Tuesday, April 16, 2024

WORLD | 08-03-2024 06:10

Corporate shortfall: Women far from reaching 50% of corporate leadership positions

Despite the increased presence of women on boards of directors, the corporate world is still largely run by men.

Women occupy more and more positions of responsibility, but they often stumble at the bottom rung. Despite the increased presence of women on boards of directors, the corporate world is still largely run by men.

"The world of work has been devised to meet the needs of men," Tara Cemlyn-Jones, head of the UK-based 25x25, which advocates parity in business, told AFP.

"The only way to change things is to make structures fairer for women," advocated this professional, who previously worked in investment banking.

The figures speak for themselves. A report by the consulting firm Deloitte, compiled on the basis of nearly 10,500 companies worldwide, indicates that in 2021 only 19.7 percent of board members were women.
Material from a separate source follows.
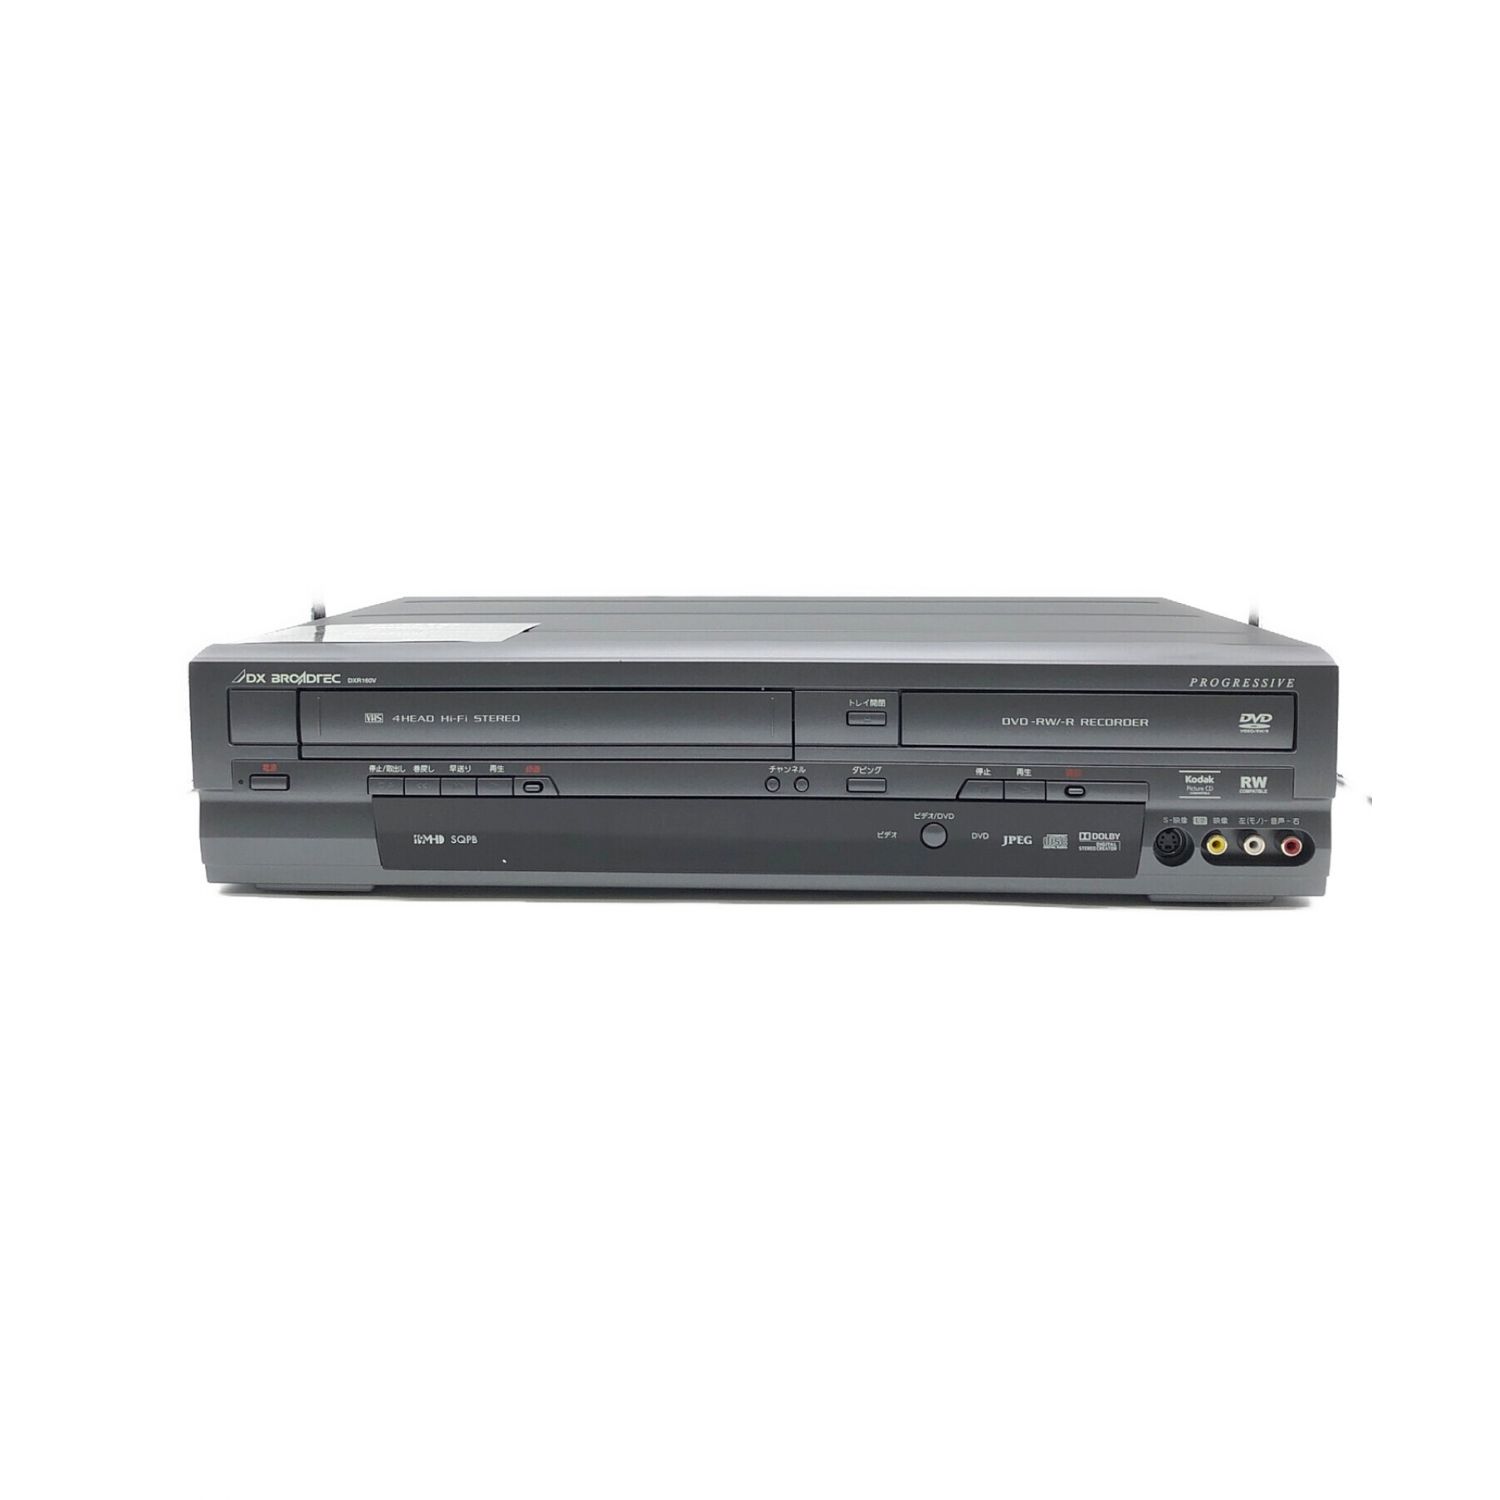 あなたにおすすめの商品 FUNAI 地デジチューナー内蔵ビデオ一体型DVDレコーダー DXR160V DVDレコーダー - www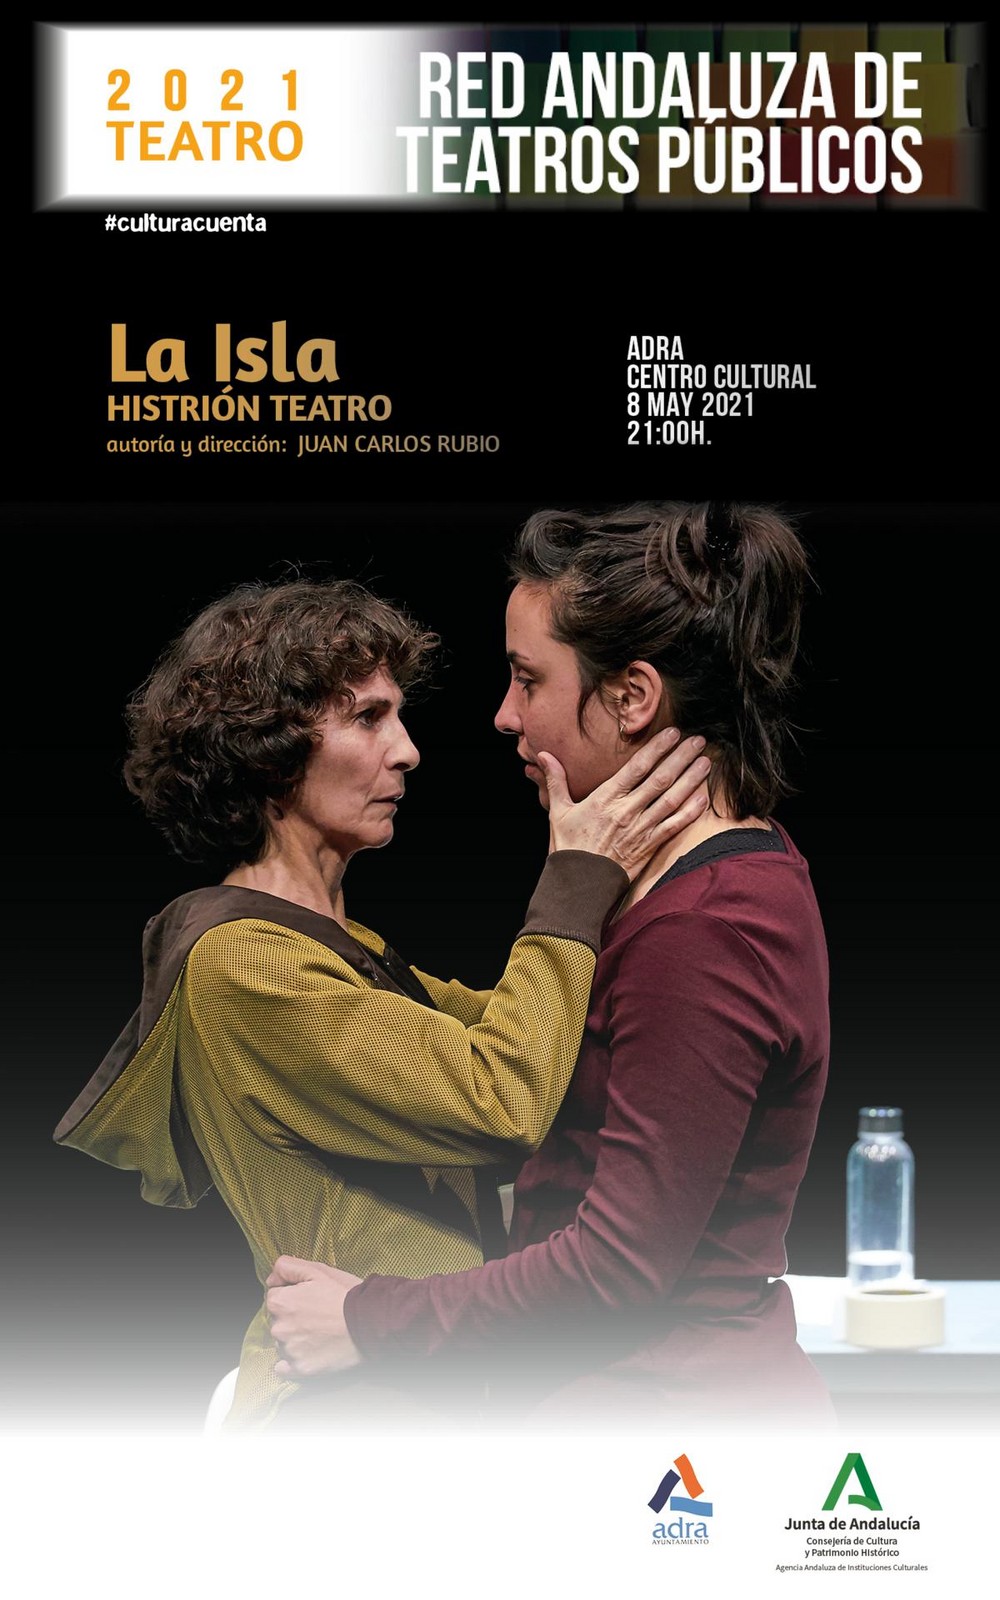 El Centro Cultural de Adra recibe la obra de teatro ‘La Isla’ el próximo 8 de mayo

Among CEOS, the proportion of women was reduced to five percent.

Latin America had only 10.4 percent of women on board seats that year, and 1.6 percent of CEOs, based on a sampling of 320 companies focused on Brazil, Mexico, Argentina, Colombia, Chile and Peru.

In the United States, women accounted for about 24 percent of board members and less than 6% of CEOs.

In Europe, according to this Deloitte report, France had 43.2 percent of women on boards of directors in 2021. Only three head a company in the key index, the Paris CAC 40: Catherine MacGregor at energy company Engie, Christel Heydemann at Orange and Estelle Brachlianoff at Veolia.

France has the Copé-Zimmermann law, which has imposed a minimum quota of 40 percent women on boards of directors since 2011.

In Spain, the vast majority of companies in the Ibex 35, the selective index of large listed companies, are headed by men, with the notorious exceptions of Inditex, the parent company of Zara, and Santander bank.

Inditex is chaired by Marta Ortega, daughter of founder Amancio Ortega, and Santander by Ana Patricia Botín, who succeeded her father Emilio Botín on his death in 2014.

In Germany, only Spain's Belén Garijo, at the helm of the Merck laboratory, heads a company on the DAX, the Frankfurt Stock Exchange's elite index.


The role of investors

Ariane Bucaille, a partner at Deloitte, believes that "quotas are a formidable accelerator," but, "if we see a greater presence of women on executive committees, it is more in functions such as human resources and marketing," she says.

The non-profit organization 25x25 recently published a report on the issue, which leads to the same conclusions.

Certain positions of responsibility in particular, such as CFO, are a privileged route to the CEO position, but the proportion of women in those positions "remains very low," the 25x25 report notes.

France, a forerunner in this field, adopted the Rixain law, which sets a target of at least 30% of women in management positions as of 2026, and 40 percent by 2029.

This law, says Bucaille, "will encourage some progress.” But the process is slow. "We shouldn't relax," because "we're still a long way off," she warns.

Beyond quotas, Tara Cemlyn-Jones stresses the need to change environments and mentalities, and investors have a role to play.

"Questions should be asked about the way investments are decided. Why is it tolerated to have fund managers saying, 'don't worry about the gender of the manager?’ We don't want to hear that anymore," insists Tara Cemlyn-Jones.